What started out as a wonderful day for the stock market has turned into a mess, with stocks back on the downward slide. The continued slide could end up making this the worst week in the stock market since the 2008 financial crisis. At this point, it’s hard to ignore the possibility of this being the opening of a bear market, or at least of more pain to come for stock investors. Regardless, this downturn has created a great deal of fear in the mindset of investors, so a follow up rally is becoming less likely. Even if there is a rally, the level of fear in the markets will make a sustainable rally less likely and certainly less confident.
The news of the morning was mainly good for mortgage bonds, with the final read of 3rd quarter GDP coming in below expectations. Further, Consumer Goods was below what the market anticipated. To top things off, consumer inflation has tamed since last month.

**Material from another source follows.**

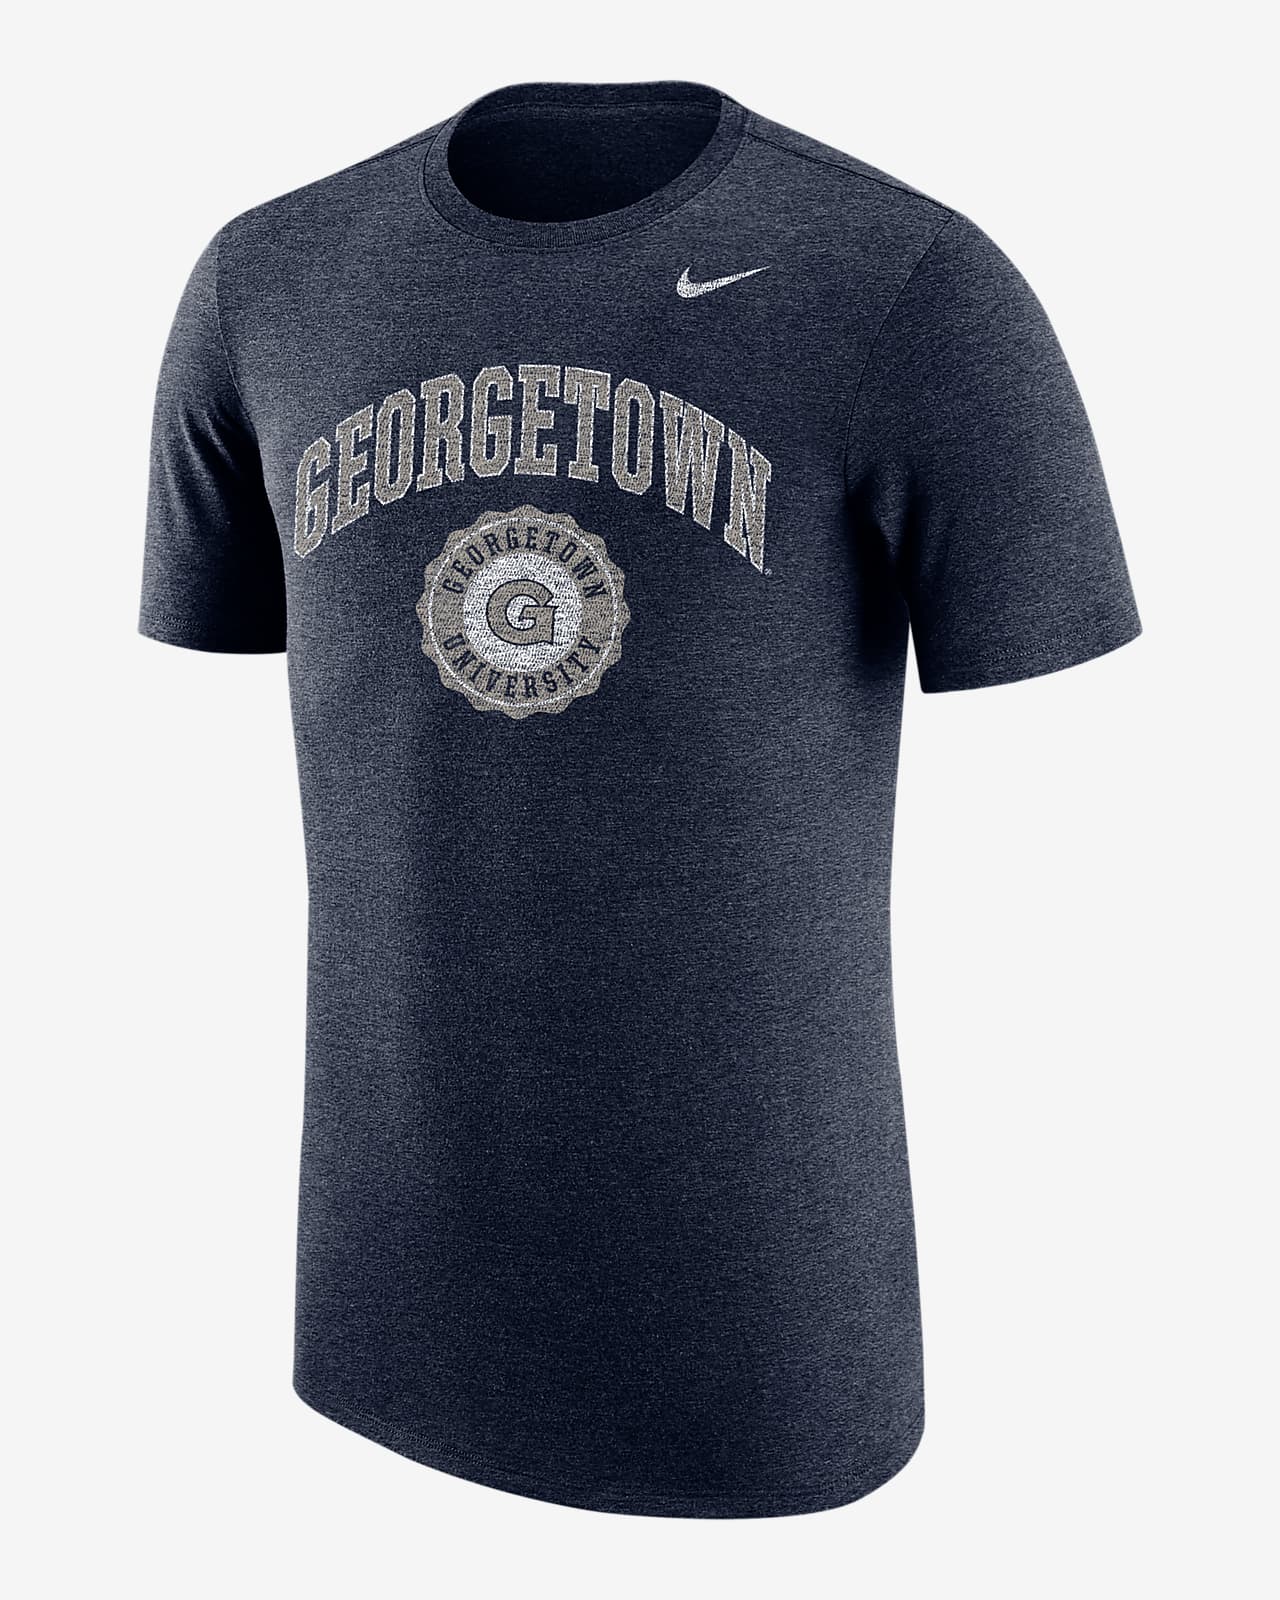 Nike College (Georgetown) Men's T-Shirt. Nike.com
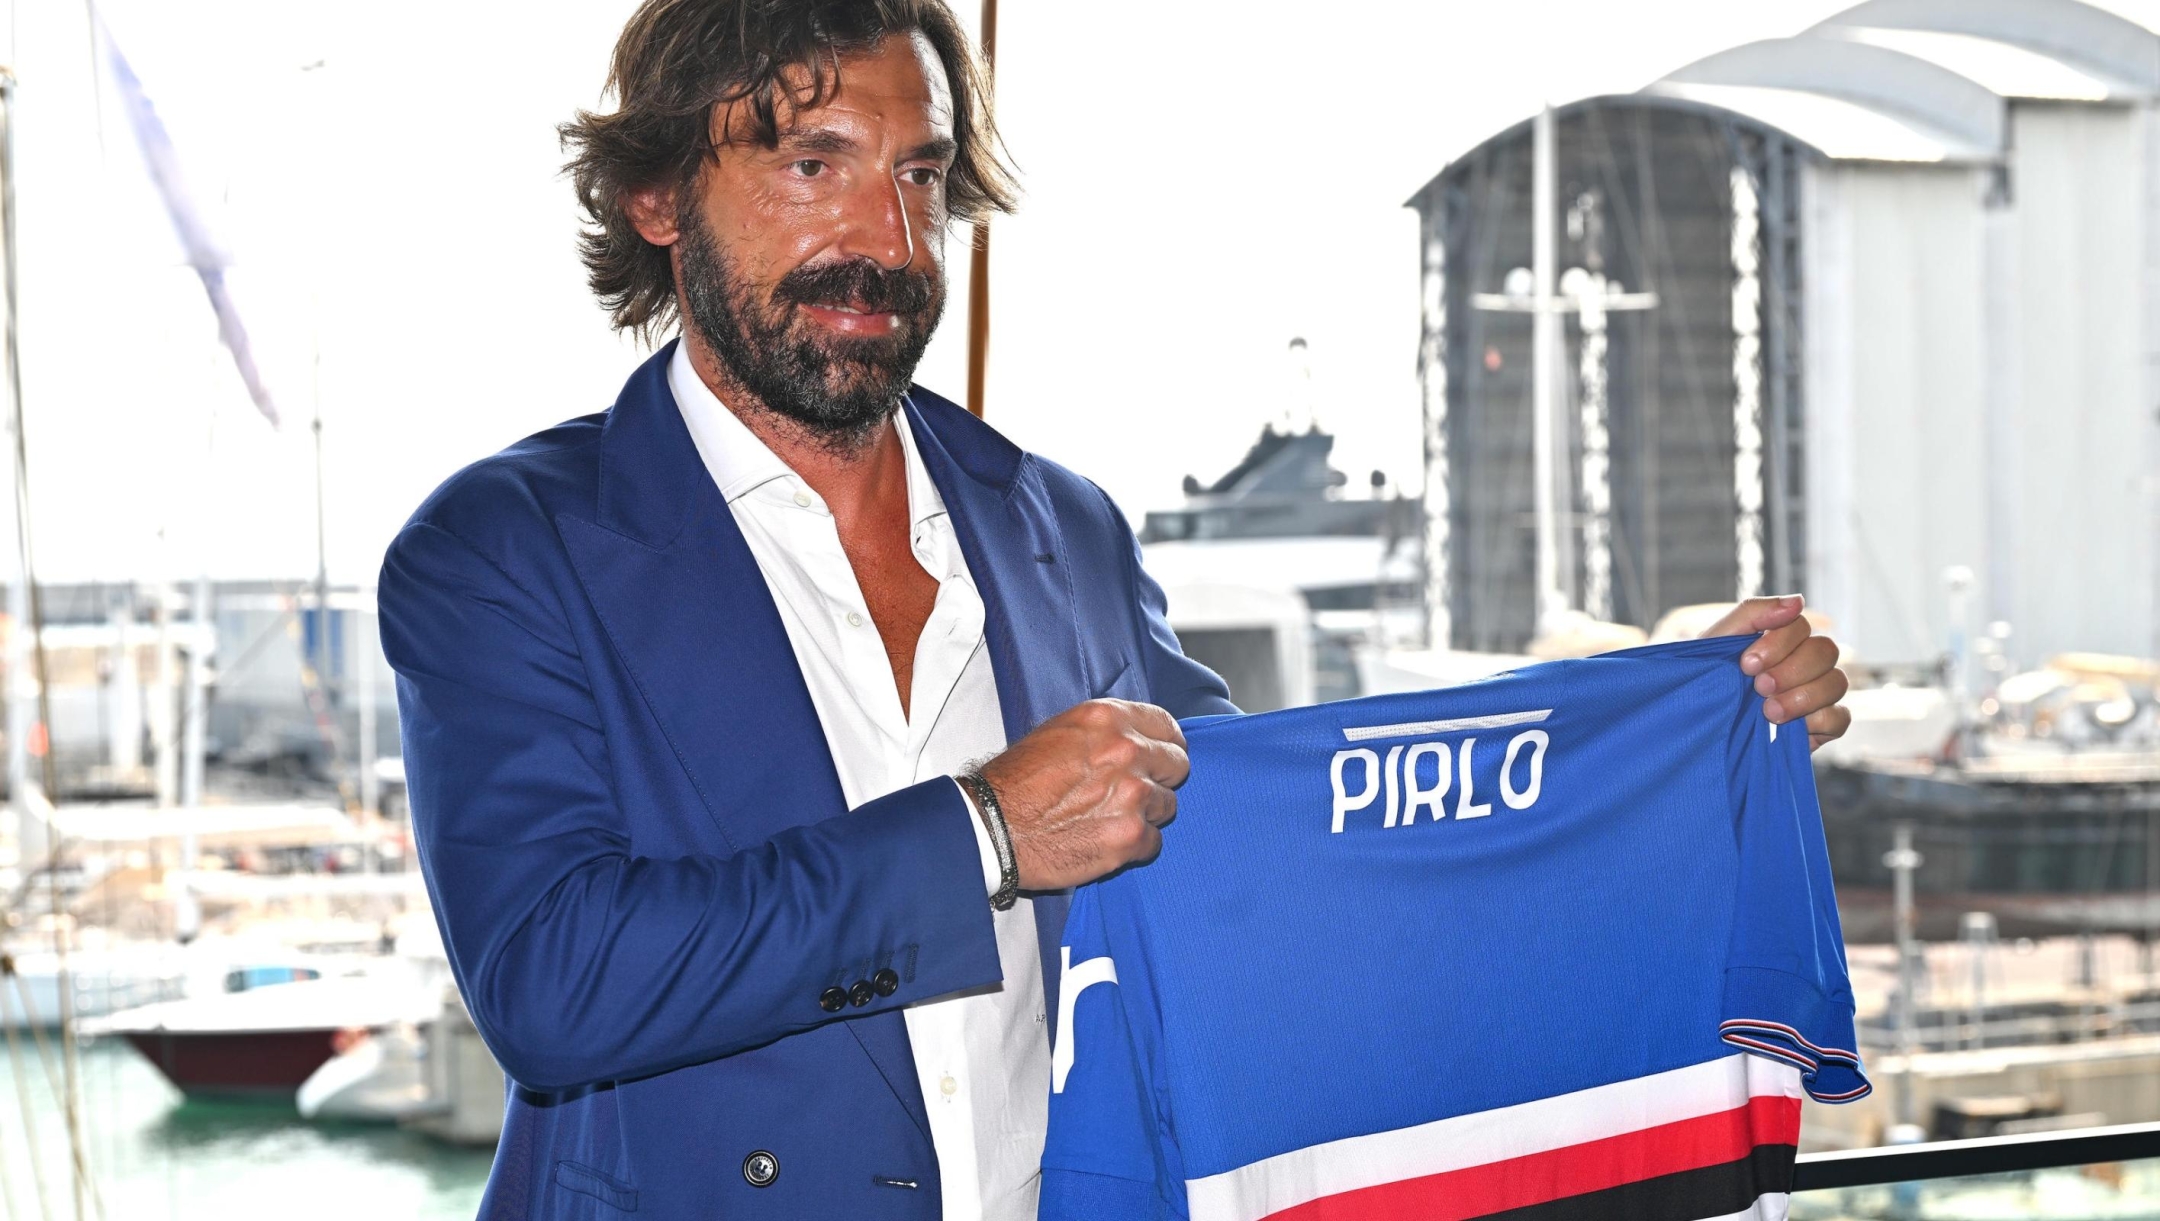 The new UC Sampdoria coach Andrea Pirlo during the presentation to the press, Genoa, Italy 28 June 2023. ANSA/LUCA ZENNARO

Each of these added downward pressure to mortgage interest rates.
Despite the bond-friendly news, mortgage interest rates have seen relatively little improvement in recent days. After breaking above their 200-day moving average, mortgage bond prices find themselves hitting up against another significant ceiling of resistance. This has prevented mortgage rates for continued improvements. If the damage continues in the stock market, I believe it won’t be long before we see bond prices climb higher and drive mortgage interest rates lower.
Although there is no reason to immediately rush in to lock, interest rates won’t improve unless prices break above the ceiling. Therefore, the safe play remains to have a locking bias.